The memory made her shudder. ‘He was trying to tell me something. Wolf. It was the only thing he said to me.’
The American’s eyes narrowed with acute interest. ‘Just wolf?
‘Yes.’
Without relaxing his eyes, he said, ‘Interesting. Very interesting.’
‘Why?’ she asked.
‘They do one helluva good pasta here,’ he said, ignoring her query. ‘If you even half like pasta it’s worth having.’
‘Is it a person, someone you know of?’
‘It’s no big deal,’ he said.
For the first time since she
had met him, Conor Molloy was looking awkward. Wolf very clearly did mean something to him, but whatever it was he evidently wasn’t about to tell her.
43
London. Thursday 17 November, 1994
Conor pulled into the Bendix Building a few minutes before seven. He was an hour earlier than normal this morning, and it was still dark. As he opened his door, he scanned the almost deserted car park that was floodlit as brightly as a tennis court, looking for Charley Rowley’s coupé BMW, and was relieved not to see it.
He hurried in through the lobby, slipped his card into a turnstile, nodding at the guard, the one with the grizzle of grey hair who looked sick, and walked across to the lifts. Moments later he stepped out into the Group Patents and Agreements twentieth-floor reception. A surly security guard with a boxer’s face and a crew cut checked his ID in silence, then Conor slid his smart-card into the door and pushed it open.
He was greeted by a dull whine, and down the far end of the corridor saw a Filipino woman hoovering the green carpet. As policy, the cleaning staff had only a minimal grasp of English, and were illiterate. Cleaners were a common tool of industrial espionage.
He walked past the woman, turning right just past a row of notice boards which, apart from a list of statutory regulations, were virtually bare; most notices were posted by eMail. He walked on a few yards past his own office, stopped outside Charley Rowley’s slightly larger one, and peered in through the window. The room was dark, the desk bare. Rowley was definitely not in yet. Good, he thought. Excellent!

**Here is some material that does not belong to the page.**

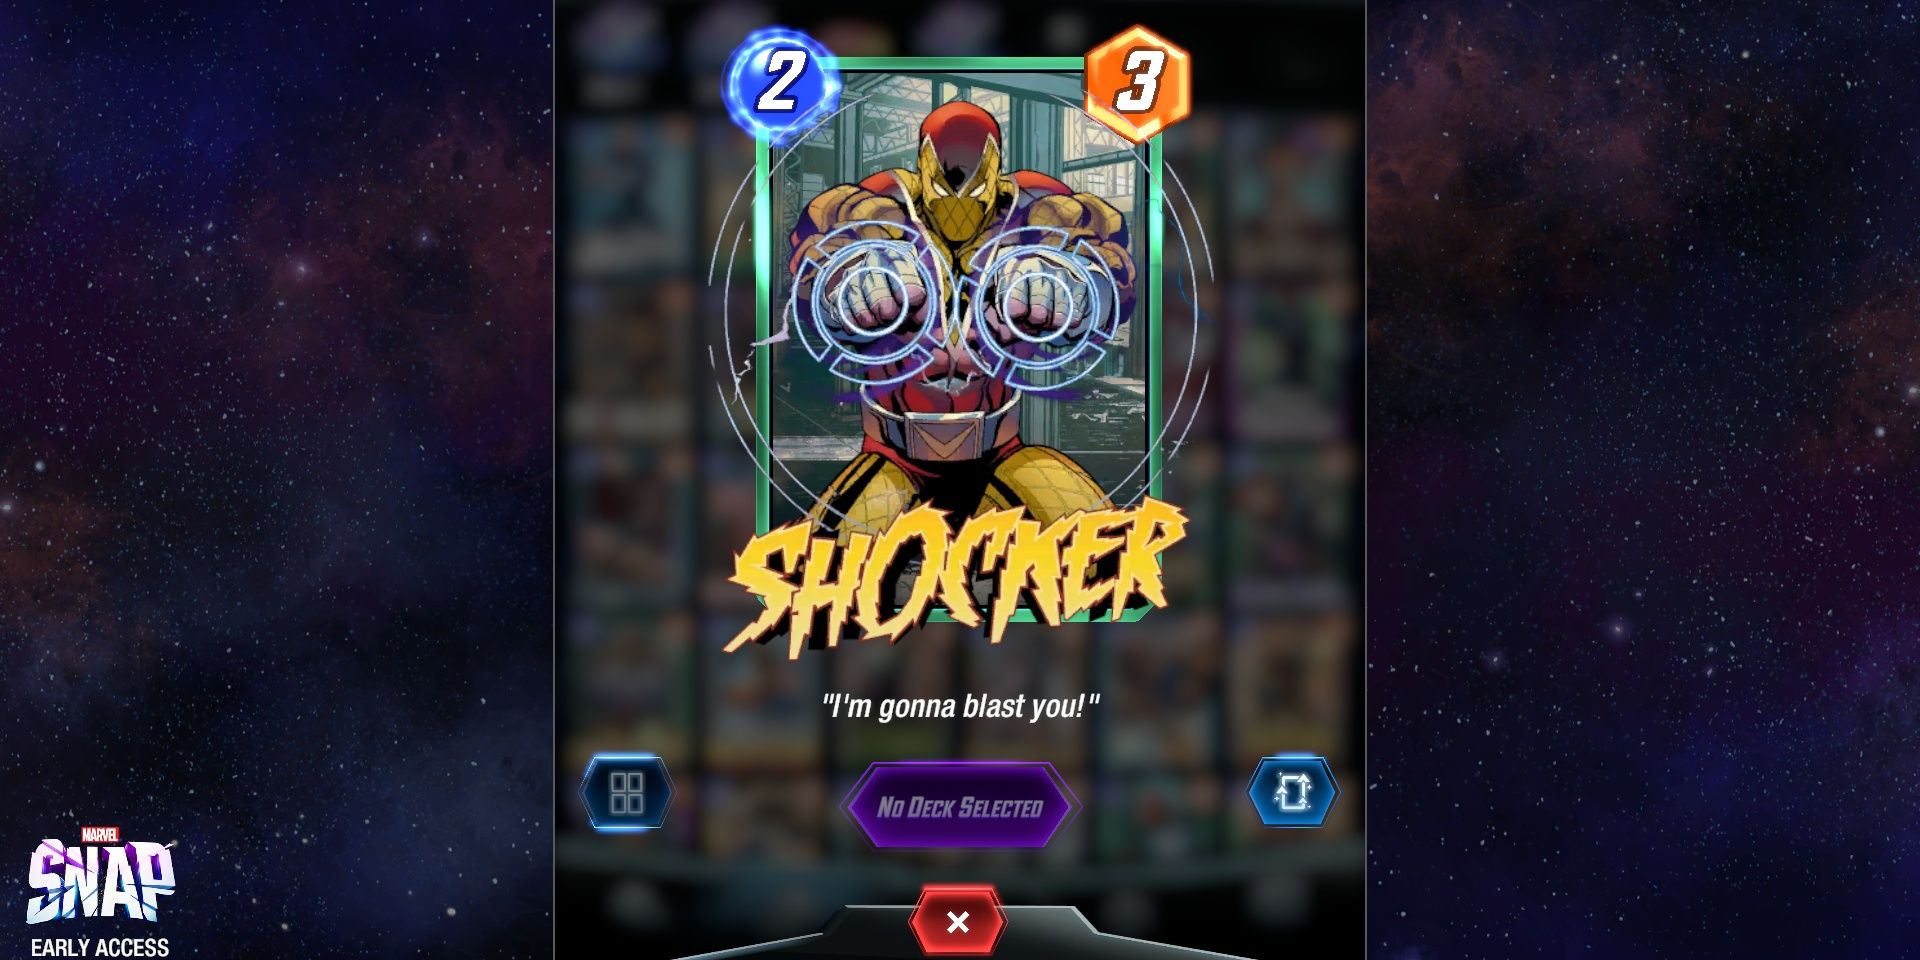 Shocker's Card in Marvel Snap.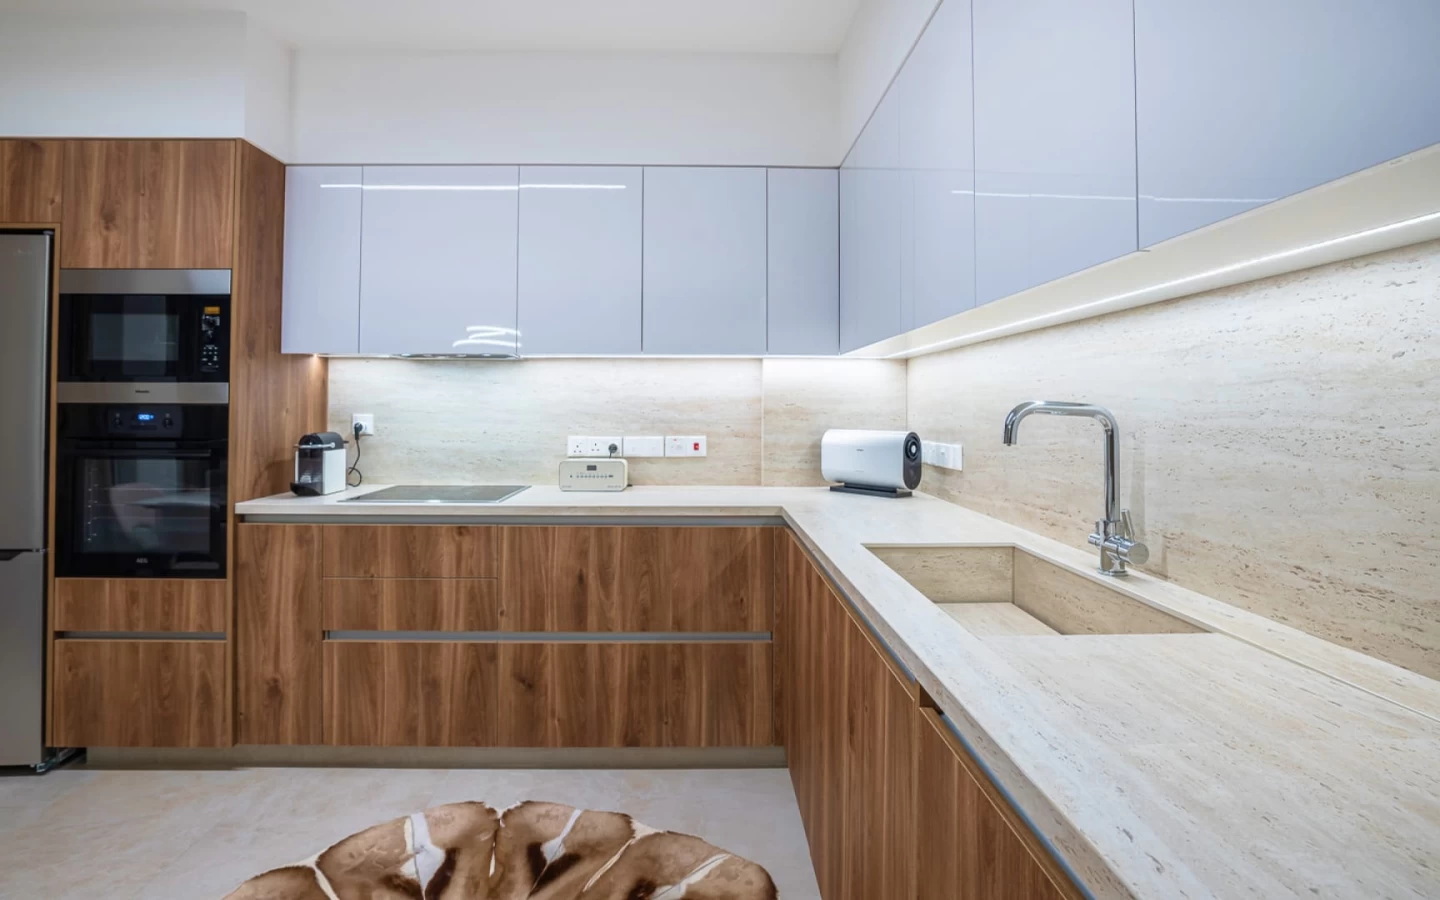 Kitchen worktop in travertine look porcelain stoneware by Atlas Plan

He slipped his smart-card into his own office door and the light automatically came on as he went in. The room smelled of polish and looked freshly cleaned. One single night away from the office always seemed much longer, somehow. He hung his Crombie and jacket up, unlocked the metal cupboards and began the first chore of each day, which was to remove the bundles of documents he had put away the previous night, and lay them out, some on the floor and some on his desk. Normally, the next thing would be to switch on his computer terminal and log in, then read his eMail, but today he deliberately left the machine off. Instead, he opened a folder marked ‘Acute Pustular Psoriasis Application’ and began to read through one of the seven papers Dr Bannerman had published on identifying the genes for this disease.